Charmante Killer

Mit einer skurrilen Psycho-Checkliste sollten Lehrer in Oberbayern Amoktendenzen unter Schülern aufdecken

MÜNCHEN taz ■ Kann man Amokläufe vorhersehen? Knapp ein Jahr nach dem Schulmassaker von Erfurt wollte anscheinend der „Arbeitskreis Schule und Polizei“ praktische Hilfe geben. Oberbayerische Schulleiter hatten den Kreis gemeinsam mit Vertretern von Staatsanwaltschaft, Amtsgericht und Polizei im Raum Bad Aibling und Rosenheim gegründet. Sie stellten eine Materialsammlung für Lehrer zusammen, zu der eine „Psychopathie-Checkliste“ gehört, die der US-Psychologe Robert Hare in den 70er-Jahren entwickelte.

Anhand von 19 Kriterien sollen dort „potenziell gefährliche Gewalttäter“ mit Merkmalen eines „ausgeprägten Psychopathen“ erkannt werden. Verdächtig ist demnach, wer etwa „kein Schuldgefühl“ zeigt, ein „pathologischer Lügner“ ist, über „wenig Verhaltenskontrolle“ und „große kriminelle Energie“ verfügt – aber auch „oberflächlicher Charme“, „promiskuitives Sexualverhalten“, „viele Kurzzeit-Beziehungen“ und „keine langfristigen Lebensziele“ sind Indizien. In der Wissenschaft ist die Liste wegen Oberflächlichkeit umstritten und für 15-Jährige weder vorgesehen noch geeignet.

Selbst Kultusministerin Monika Hohlmeier (CSU) erklärte vor wenigen Tagen, die Checkliste sei „nicht hilfreich“, behauptete aber, das Papier sei nur im Raum Rosenheim verbreitet worden und nicht zur Anwendung gekommen. Tatsächlich aber liegt die „Psychopathie-Checkliste“ seit drei Monaten als Arbeitsmaterial an jeder Schule in Oberbayern vor. Das ergaben Recherchen der bündnisgrünen Landtagsfraktion. Demnach übernahm die Bezirksregierung das ursprünglich nur für zwei Orte gedachte Material und legte es samt Empfehlungsschreiben „für die beispielhaften praktikablen Anregungen“ dem Oberbayerischen Schulanzeiger vom 7. Januar 2003 bei, den alle Schulen des Bezirks beziehen. Die grüne Fraktionsvorsitzende im Landtag, Christine Stahl, war entsetzt: Die Liste stelle Schüler „geradezu unter Generalverdacht“.

Kurt Lausmann, der Leiter eines Gymnasiums in Bad Aibling, bestätigte der taz: Zwar habe man nicht die komplette Liste verwandt, Teile davon seien jedoch in ein neues Sicherheitskonzept aufgenommen worden, das zugleich als Leitfaden für Gewaltprävention dient.

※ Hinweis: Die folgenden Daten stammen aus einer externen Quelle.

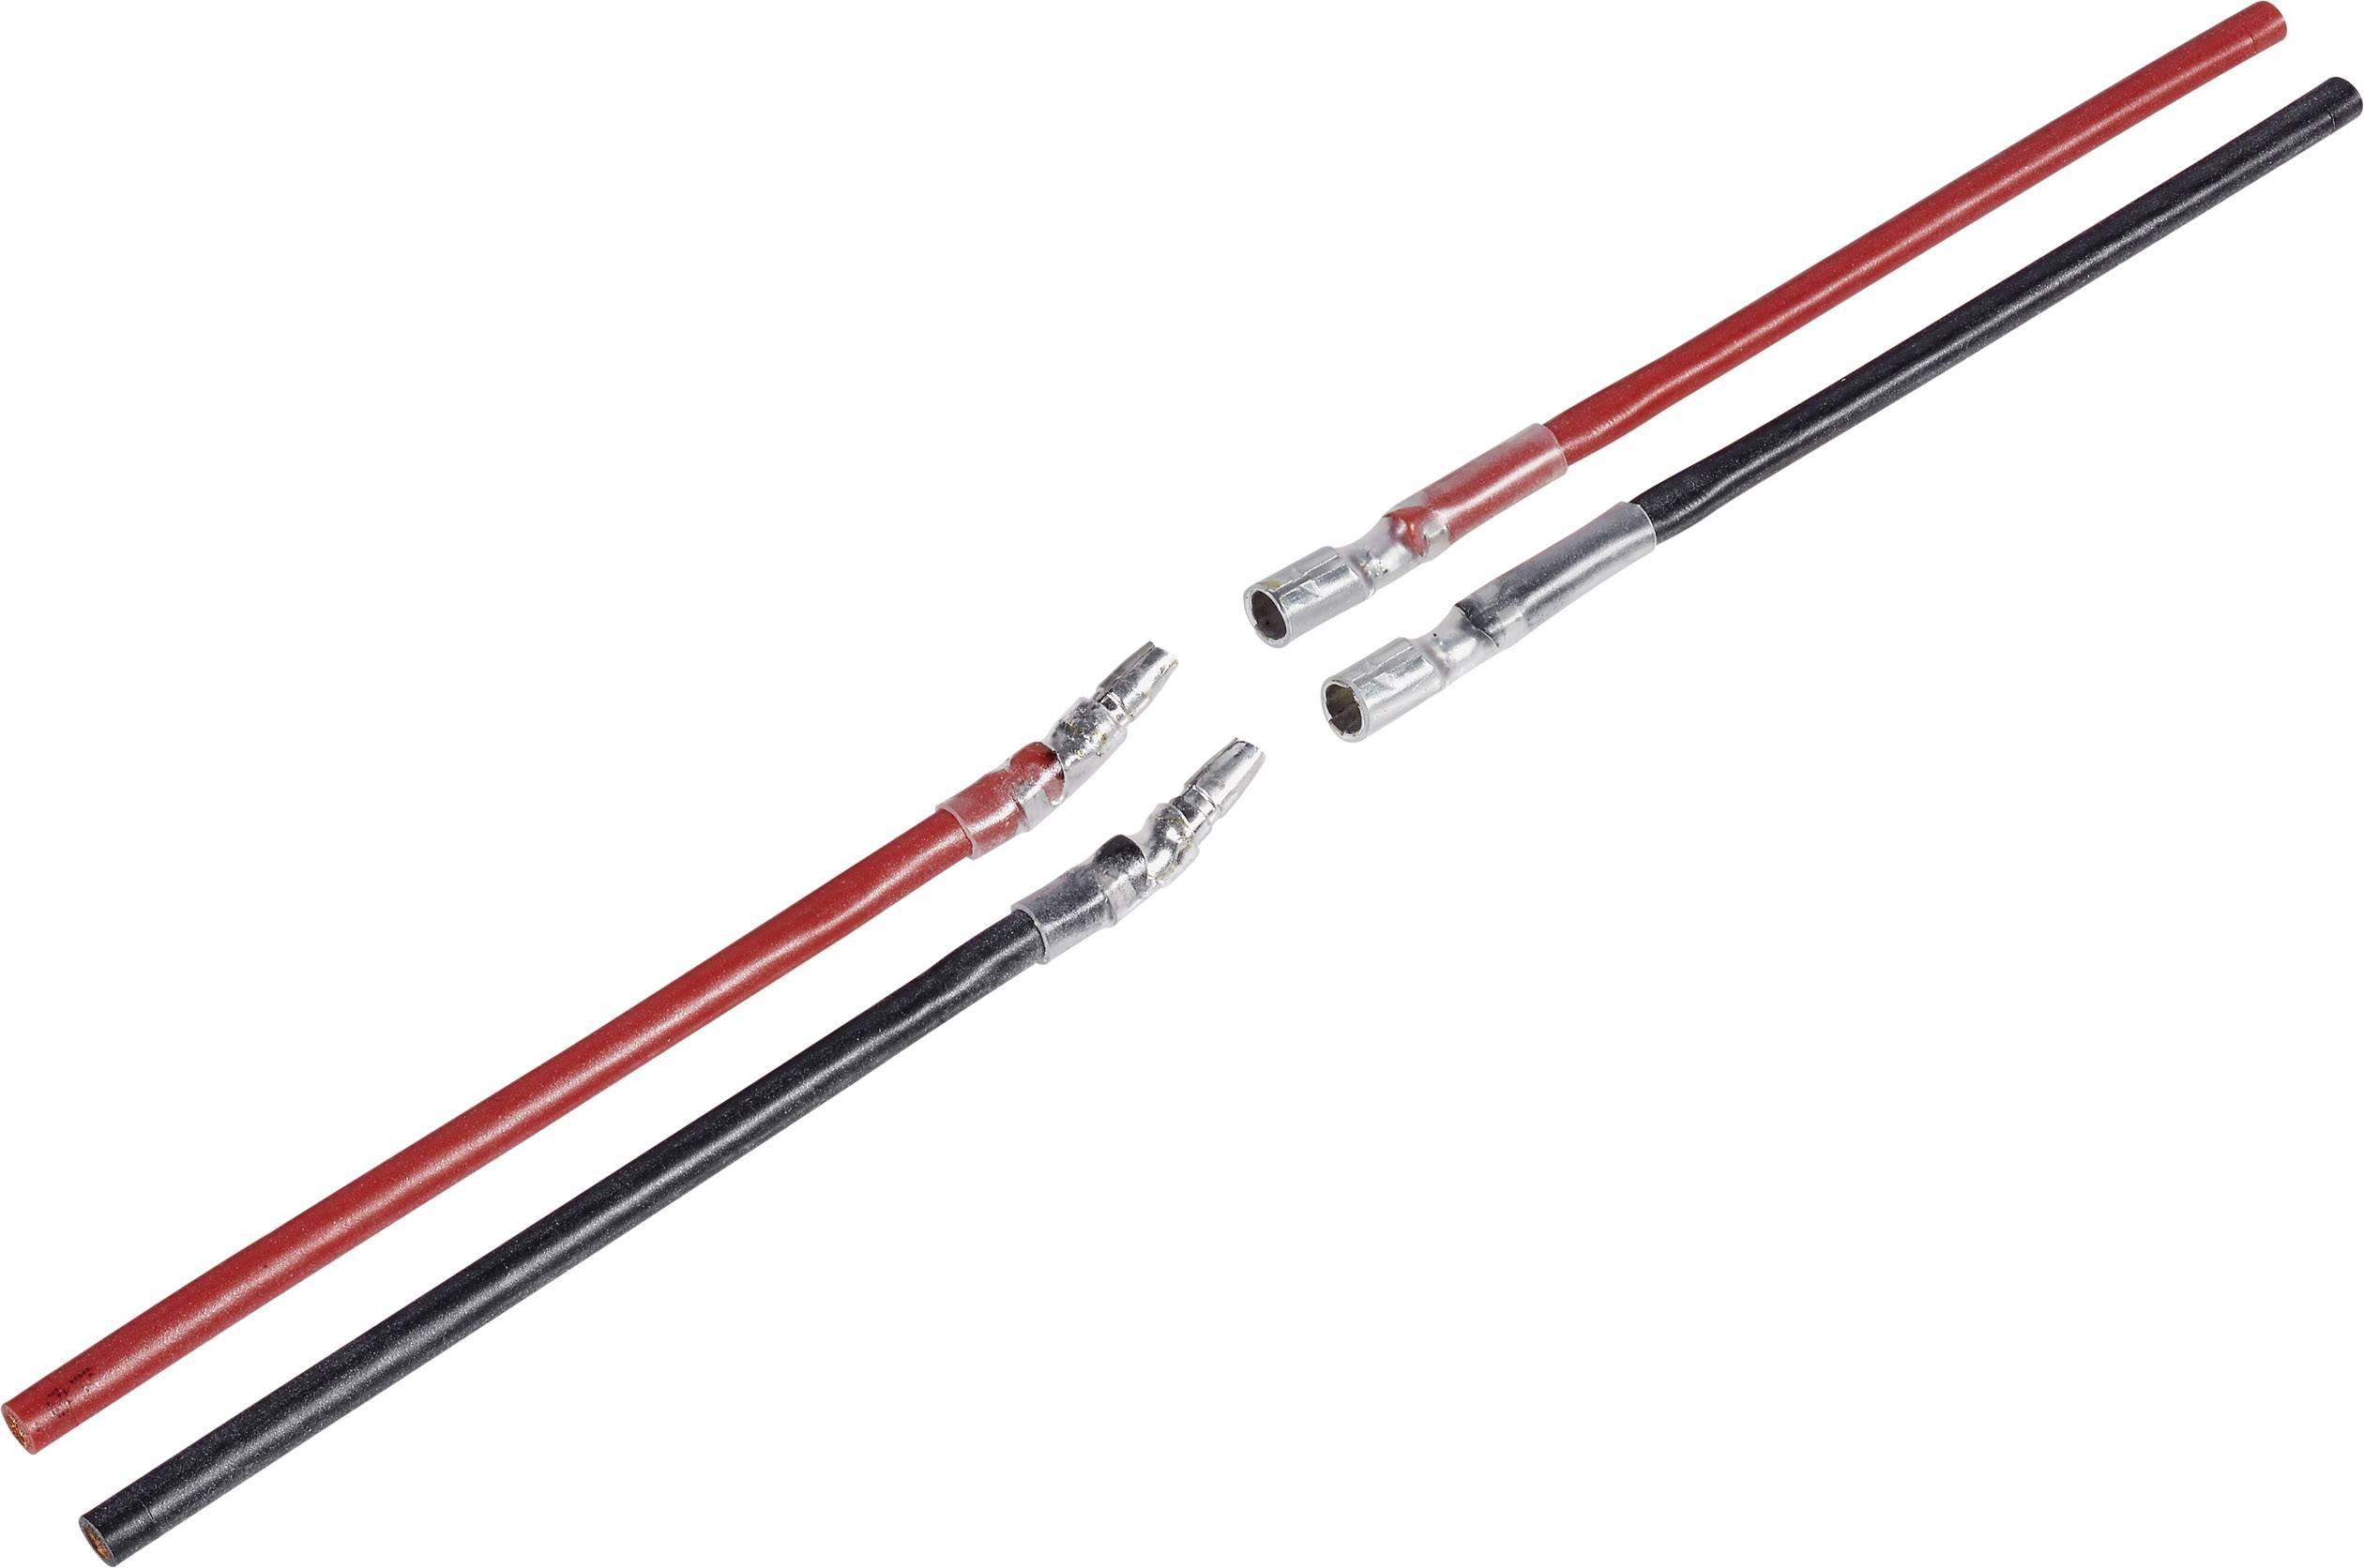 Kabel s koncovkou motoru Modelcraft, 1 pár, 4,5 mm, zástrčky a konektory

Das Konzept wird wohl bald im Giftschrank landen, denn im Kultusministerium zeigt man sich mittlerweile ziemlich entgeistert über die Empfehlung der Bezirksregierung. So erklärte jetzt eine Sprecherin des Ministeriums, in einem Schreiben würden sämtliche Schulen in Oberbayern aufgefordert, die Checkliste nicht mehr zu verwenden. Dass so mancher Lehrer die 19 Kriterien für Psychopathen jetzt im Hinterkopf gespeichert hat, lässt sich dagegen nicht ausschließen.